THE UK government has announced support for 11 commercial green hydrogen projects which will see more than £400m of private capital invested in the UK green economy.
Among the winners of the UK’s first hydrogen allocation round (HAR1) is EDF’s Tees Green Hydrogen project, which gained support for 5.2 MW of green hydrogen capacity in the North East. In total, the awarded projects will deliver 125 MW of new hydrogen for businesses, with the government granting confirmed suppliers a price guarantee for the clean energy they supply.
In return for government support, the successful projects will invest £413m between 2024 and 2026, which is expected to create around 760 direct jobs during construction and operation.
The government said the projects are the largest number for commercial scale green hydrogen announced at once in Europe. It said it represents “the most significant step in scaling up the UK’s hydrogen economy to date – speeding up progress towards the government’s ambition to deploy up to 10 GW low carbon production capacity by 2030”.
Claire Coutinho, secretary of state for energy security and net zero, highlighted the economic opportunity of hydrogen, saying it will unlock “over 12,000 jobs and up to £11bn of investment by 2030”.
The ‘most significant step’ in scaling UK hydrogen
Lord Callanan, minister for energy efficiency and green finance, said:
“Today’s funding commitment represents a monumental step forward in helping producers to deliver a fuel of the future today, backing businesses to go greener. This will be essential to achieving our net zero targets and will benefit people across the UK with the job and investment opportunities that this funding will bring.”
The government also published a delivery roadmap setting out plans for future allocation rounds, opening a second funding round.
A roadmap for hydrogen production
Published yesterday, the production delivery roadmap sets out how government expects the hydrogen production landscape to evolve towards 2035, and the key opportunities and challenges the UK faces.

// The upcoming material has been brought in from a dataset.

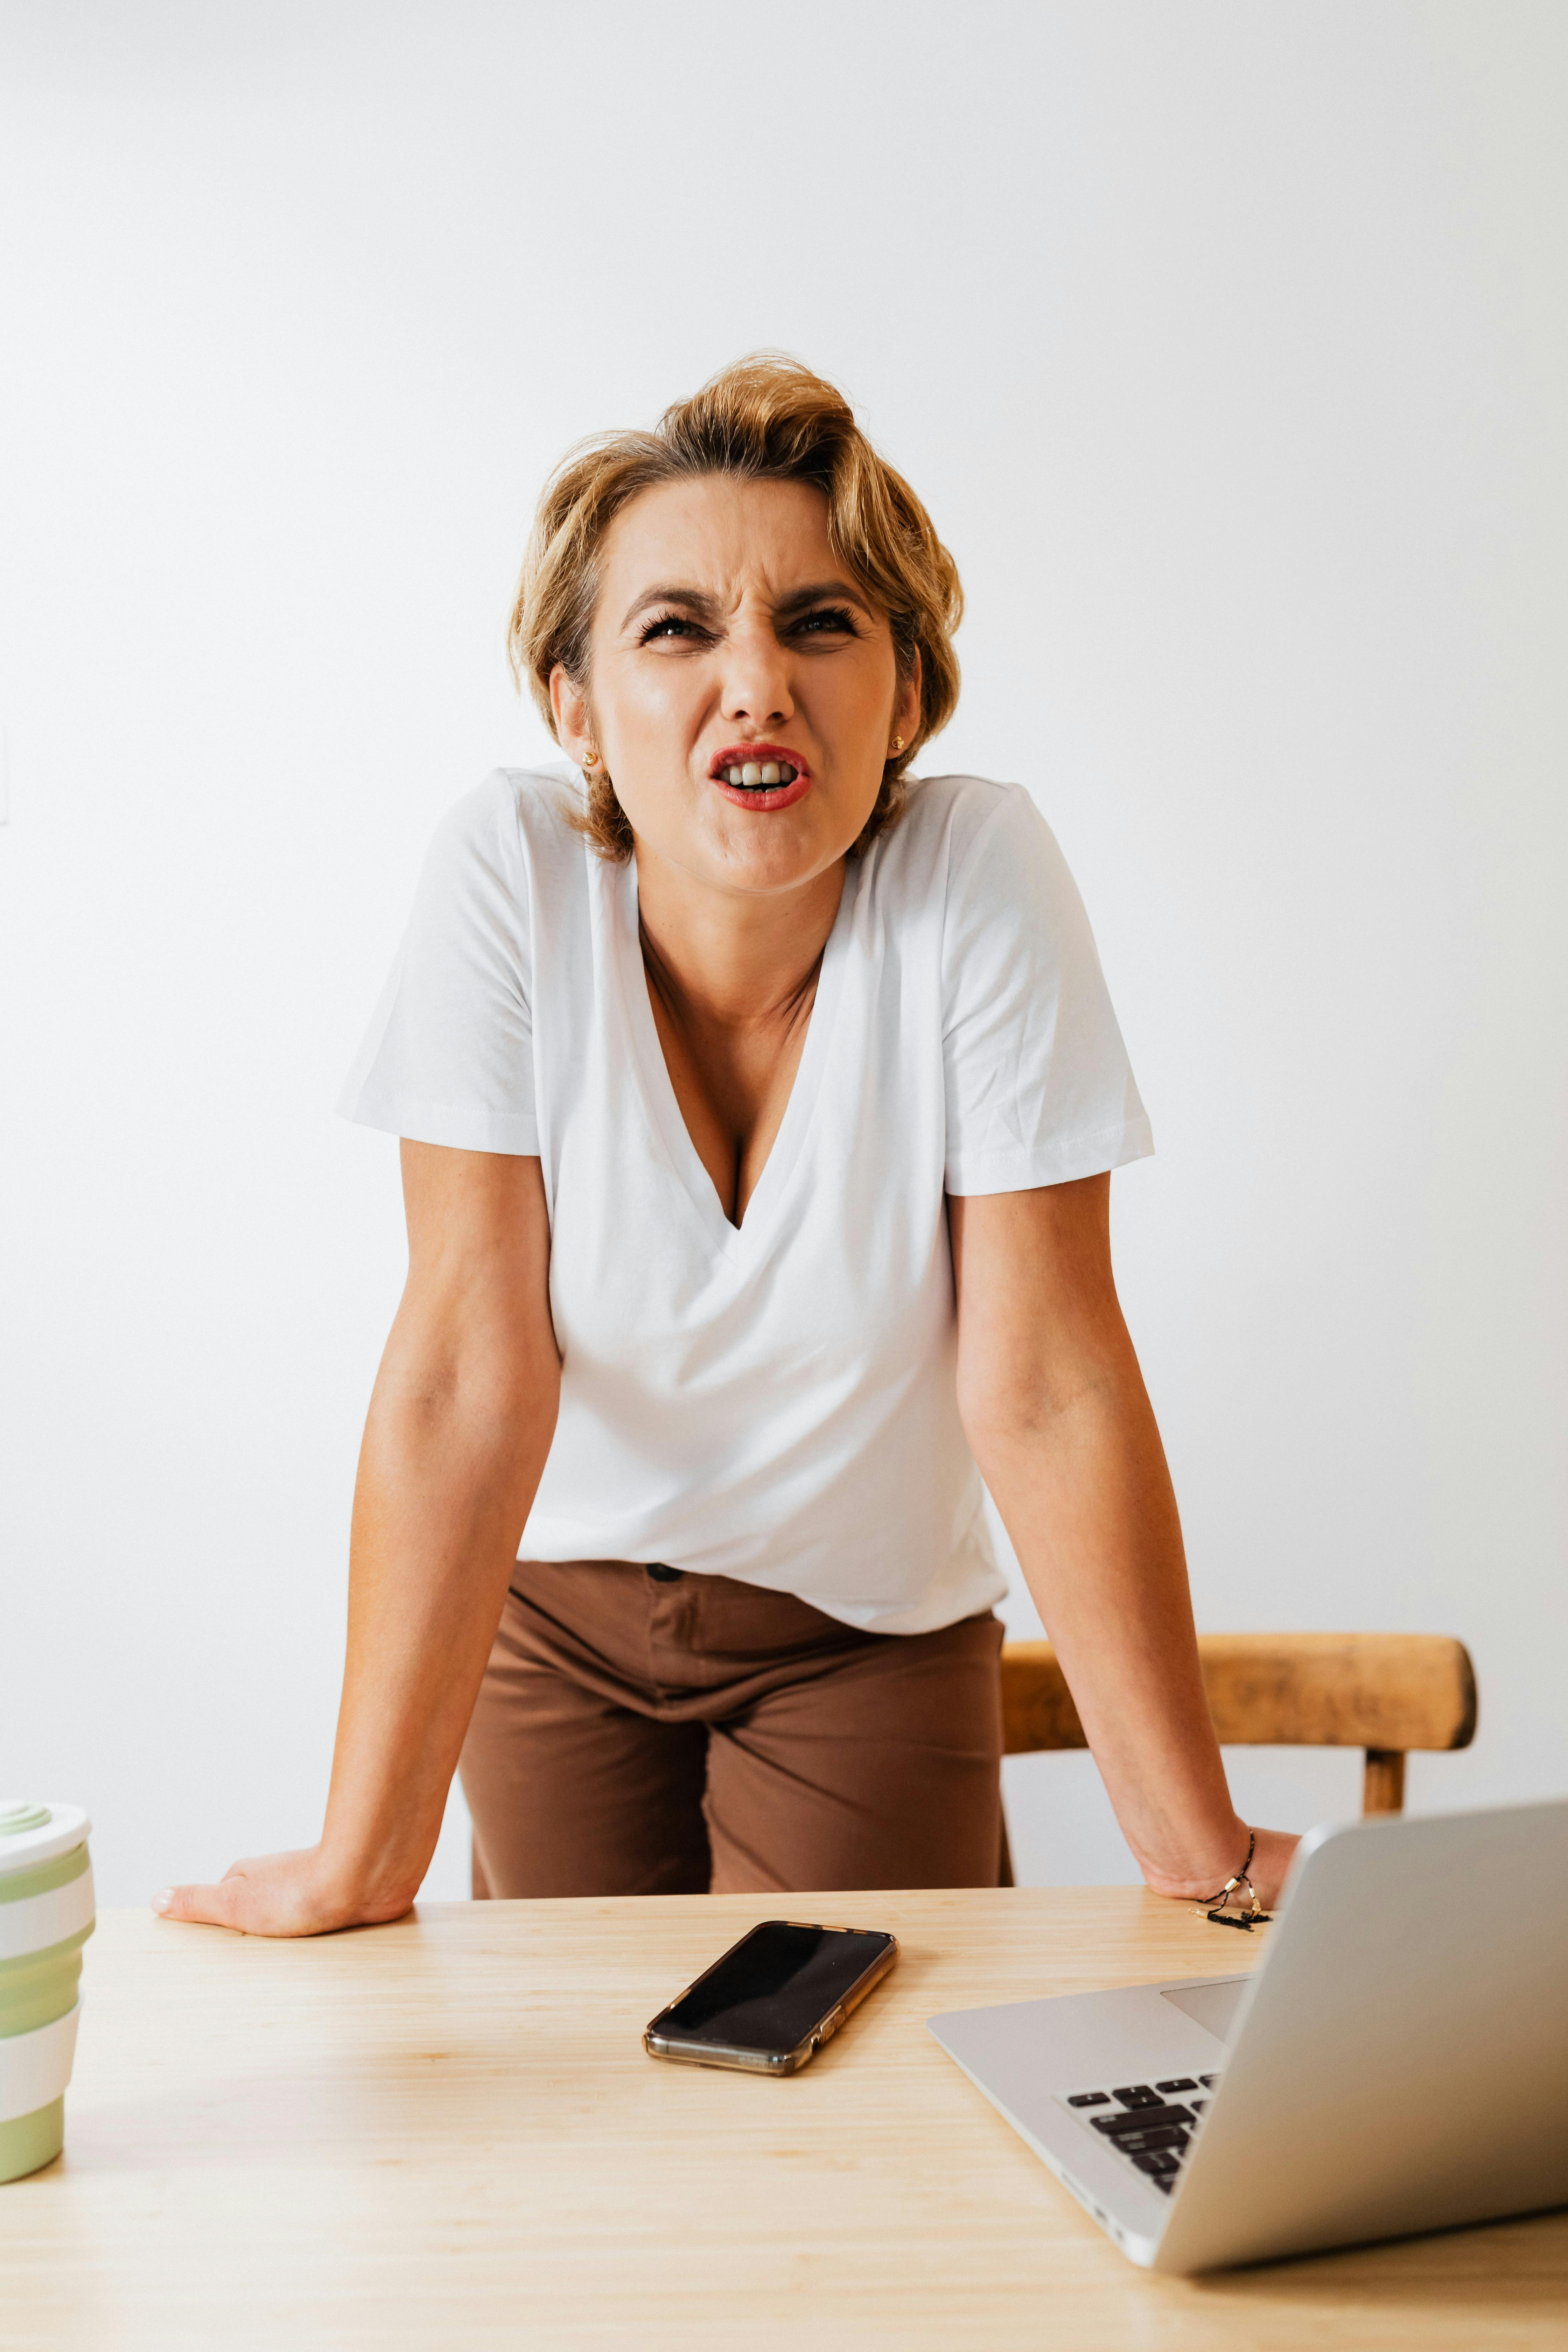 A woman reacting angrily while balancing her hands on a table | Source: Pexels

The roadmap sets out plans for funding allocation rounds in 2025 and 2026. It plans to boost hydrogen capacity up to 1.5 GW across these rounds, and award funding to projects that will help to deliver up to 4 GW of hydrogen enabled by carbon capture, use, and storage (CCUS) – blue hydrogen – as well as 6 GW of green hydrogen by 2030.

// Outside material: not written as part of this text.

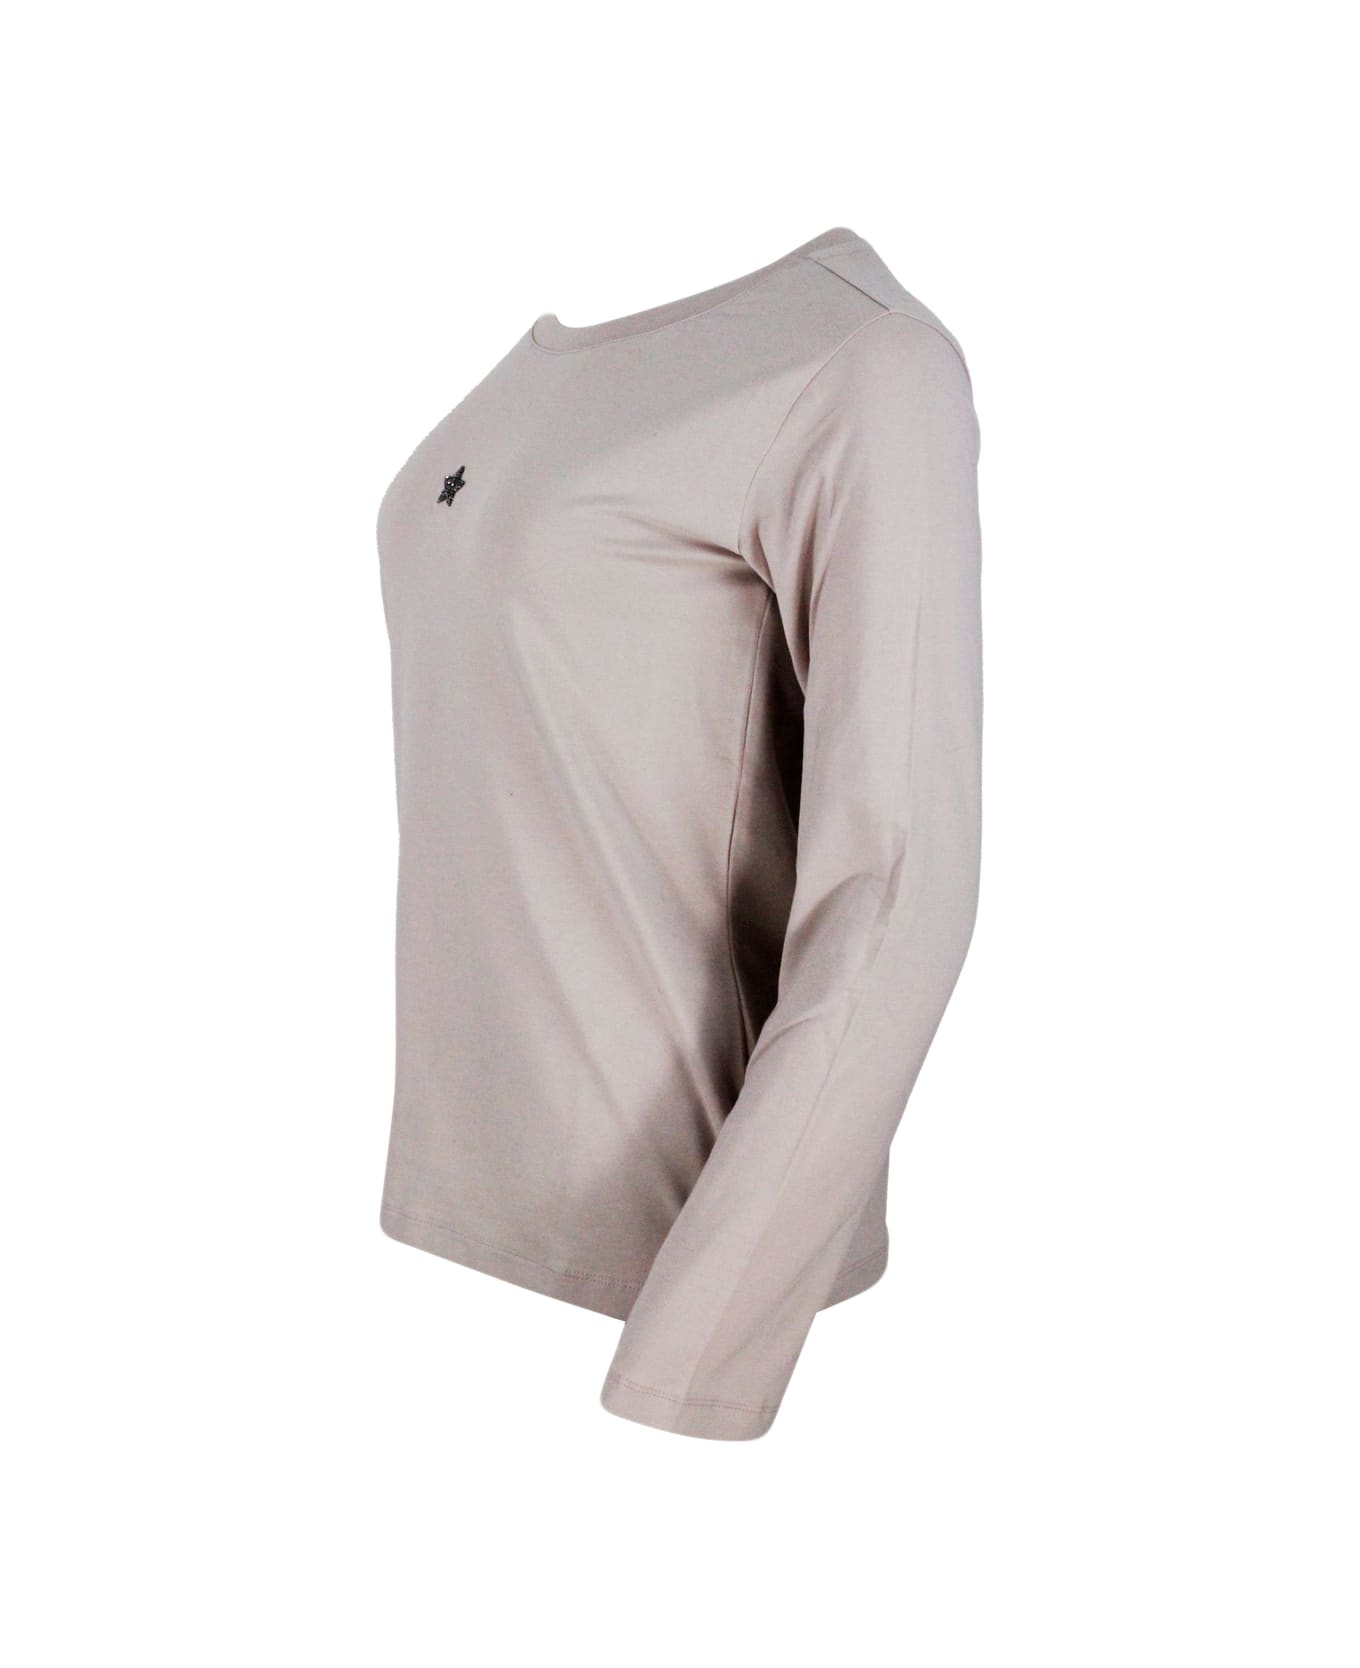 Lorena Antoniazzi Long-sleeved Crew-neck T-shirt In Stretch Cotton With Swarosky Star On The Chest - Pink

The government also acknowledged an important role for production technologies other that CCUS-enabled natural gas reforming and water electrolysis, on the road to scaling up hydrogen in the 2030s. It noted that it has already set out a technology neutral approach to hydrogen approach, encouraging a range of solution so long as they meet the UK’s Low Carbon Hydrogen Standard.
However, it stressed that for other technologies to make a significant contribution in the 2030s “we need to start developing them now”.
The production roadmap comes in response to recommendations made by chair of net zero review, Chris Skidmore, in an independent report published in January. Its recommendations included publishing, by the end of the year, an “ambitious and pragmatic” ten-year delivery roadmap for scaling up hydrogen production, including clear indication of how much capacity it hopes to procure though each future allocation round.
A warm welcome for funding, but money isn’t enough
Clare Jackson, CEO of the trade association Hydrogen UK, said HAR1 and the roadmap were
“important steps forward for the UK’s hydrogen economy”.
She said: “The hydrogen industry welcomes today’s suite of announcements, including the results of HAR1 negotiations that provide crucial support to first mover UK hydrogen projects, and will help kickstart domestic production.”
Ruth Herbert, CEO of the Carbon Capture and Storage Association, also welcomed the announcement.
“These are crucial next steps in the journey towards establishing the UK as a world-leading hydrogen economy, in which carbon capture, utilisation, and storage clusters will play an important part,” said Herbert. “We will continue to work closely with government on the design of the business models and further industry developments.”
Meanwhile, Paul Willacy, managing director of waste-to-hydrogen firm Compact Syngas Solutions, said that while the hydrogen investment was a
“massive step in the right direction” the UK needs the correct infrastructure to support supply.
He said: “Large-scale production projects are at risk of becoming white elephants if they aren’t linked to where the hydrogen is needed, and national infrastructure is still ten years behind where it needs to be. The issues caused by a lack of hydrogen infrastructure could be solved by producing and delivering hydrogen gas at a local level.
“Smaller production facilities dotted around the country would negate the need for costly pipelines and should be part of the government’s plans for the coming years.”
Hydrogen blending
The UK government also announced a decision to support hydrogen blending in certain scenarios. Currently, less than 1% of gas in distribution networks is hydrogen. Under proposals, hydrogen could be blended with other gases in the network as a reserve offtaker, reducing costs in the hydrogen sector by helping producers, and supporting the wider energy system.
The UK notes that though blending could help the UK realise its net zero ambitions, it would be limited and temporary as the country moves away from natural gas.